According to the handbook, final users are:
- households,
- organs of national administration
- non-profit organization.
In practical terms, statistical data about the volume of production of
these ‘sectors’ and the level of needs in this production are not possible to
determine, because the quoted consumers are not included in the current
economical classification of the Russian Federation.
It is obvious that the names of sectors can be redefined and the list of
sectors can be expanded or narrowed down depending on the list of
sectors provided for in the first quadrant of ‘Input – Output’ model and
the adopted degree of aggregation of economic sectors.
Most authors, including the earlier quoted I. W. Orlova do not reveal
any names of sectors – consumers of ‘final production’. They directly
calculate in the model only the sectors of material production. If we make
that assumption, all the sectors that were not taken into account in the
first quadrant of the model should be included in the group of final
consumers. A list of such sectors should include most of all the sectors of
non-material production and the social sphere. According to the
classification applied in the Russian Federation the list of final products
and services should also include the production of the following sectors:
- construction industry;
- public utility and services industry;
- health care system;
- physical culture;
- social security;
- education;
- culture and art;
- science and scientific services;
- finances, loans, securities and pension schemes;
- social organizations.
It is without doubt that when the nomenclature of sectors utilizing ‘final
production’ increases, the possibility of precisely determining the
components of ‘final production’ vector and results of calculations using
the model decreases.
The authors of the handbook consider using ‘final production’ in other
character, to use it for ‘global reserves and for export’.
While we mention ‘global accumulation’, it should be explained that it
can be used only for goods paid for and manufactured in the sector of
material production. The illustration in ‘final production’ vector of
outlays for ‘global accumulation’ means that in the model the values of
production of material manufacturers (Xij) calculated using the model do
not include production meant to be a reserve. This is why in the list of
‘final production’ consumers, apart from sectors of non-material
production and the social sphere, you also have to calculate sectors of
material production which participate in production for the purposes of
‘global accumulation’. As it is impossible to determine directions of
utilizing ‘global reserves’ to construct ‘Input – Output’ inter-sector
balance, any attempts of implementing such recommendations will
always be one of the reasons for mistakes in calculations performed using
the model.
Utilization of ‘final production’ for export supplies also needs to be
further explained. The existence of export supplies proves the existence
of sectors – consumers that were not taken account of in the model. The
presence of such sectors – consumers (importers of national production)

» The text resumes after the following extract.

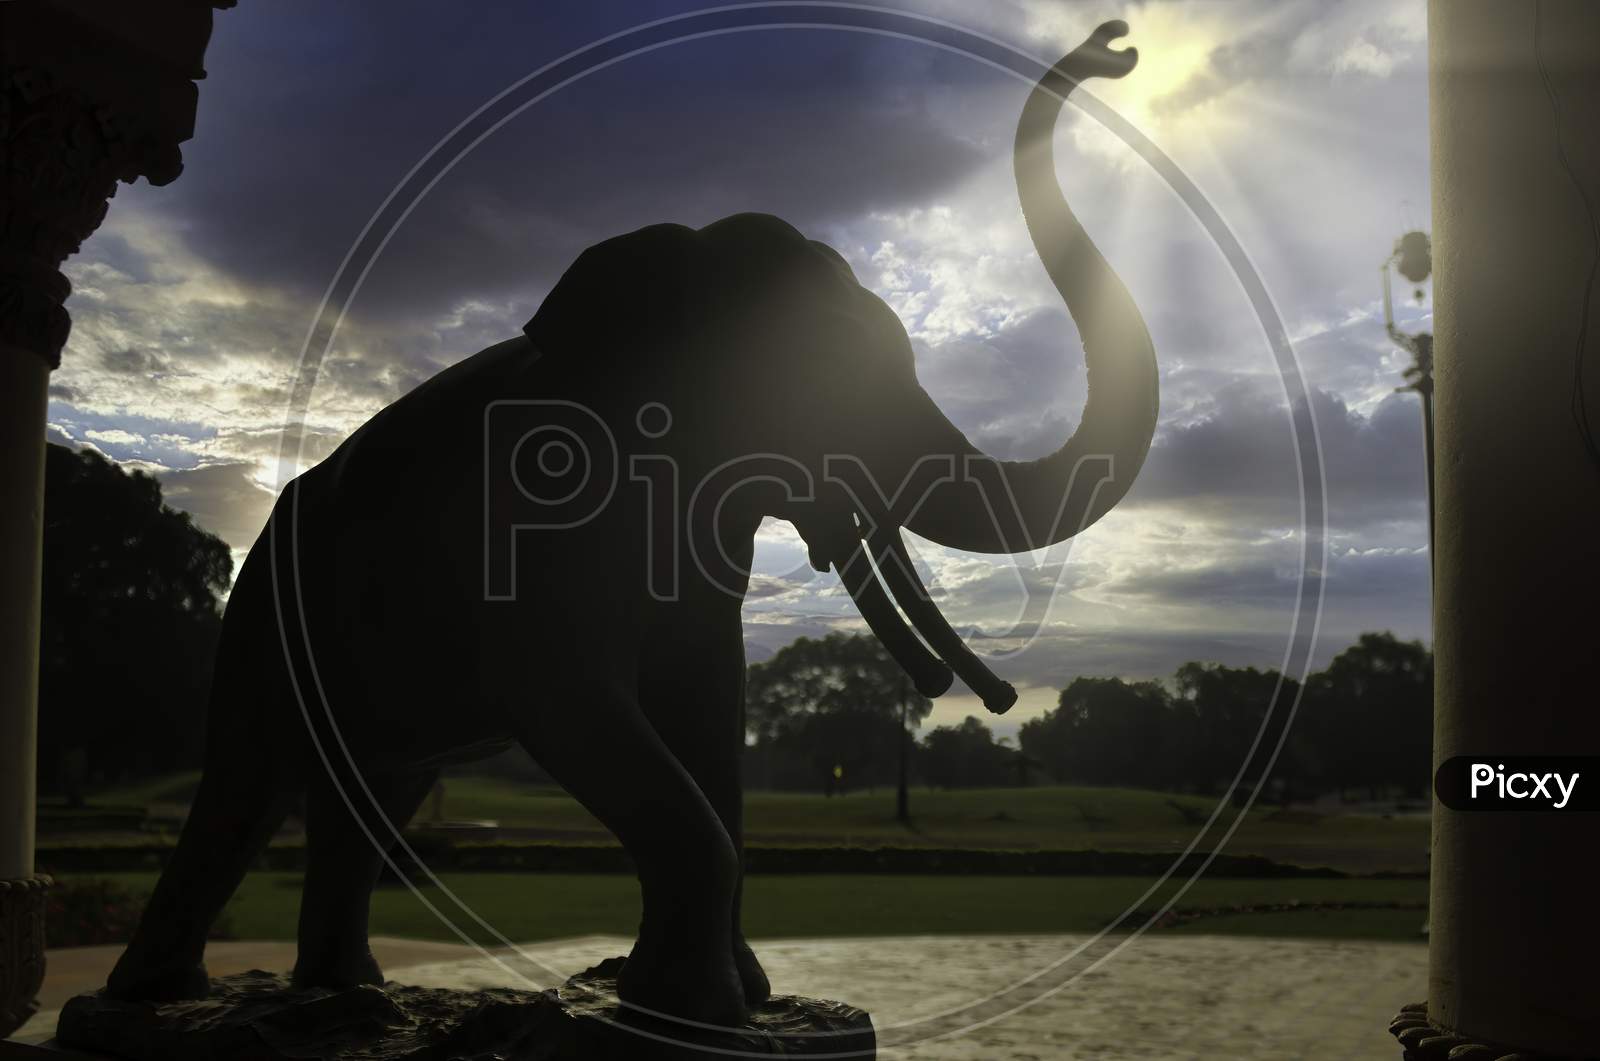 Vadodara, India - November 16, 2012: An Elephant Stone Monument Situated In The Lakshmi Vilas Palace In The State Of Gujarat Against Dramatic Sunset

confirms the fact that disproportions of the model when the volume of
production exceeds the value of consumption of national industries has
the character of objective positive deviation.
When the country’s needs in some kind of import production are
satisfied, the volume of production consumption exceeds the volume of
its production. In this particular case, assessment of deviation between
production volume and consumption volume, measured in market prices,
will have the character of objective negative deviation.
Naturally, the index of gross domestic product (GDP) should reflect
internally (domestically) balanced production capabilities. Otherwise,
GDP is not useful as an index. It is in every country’s interest that GDP
should be balanced with that country’s needs.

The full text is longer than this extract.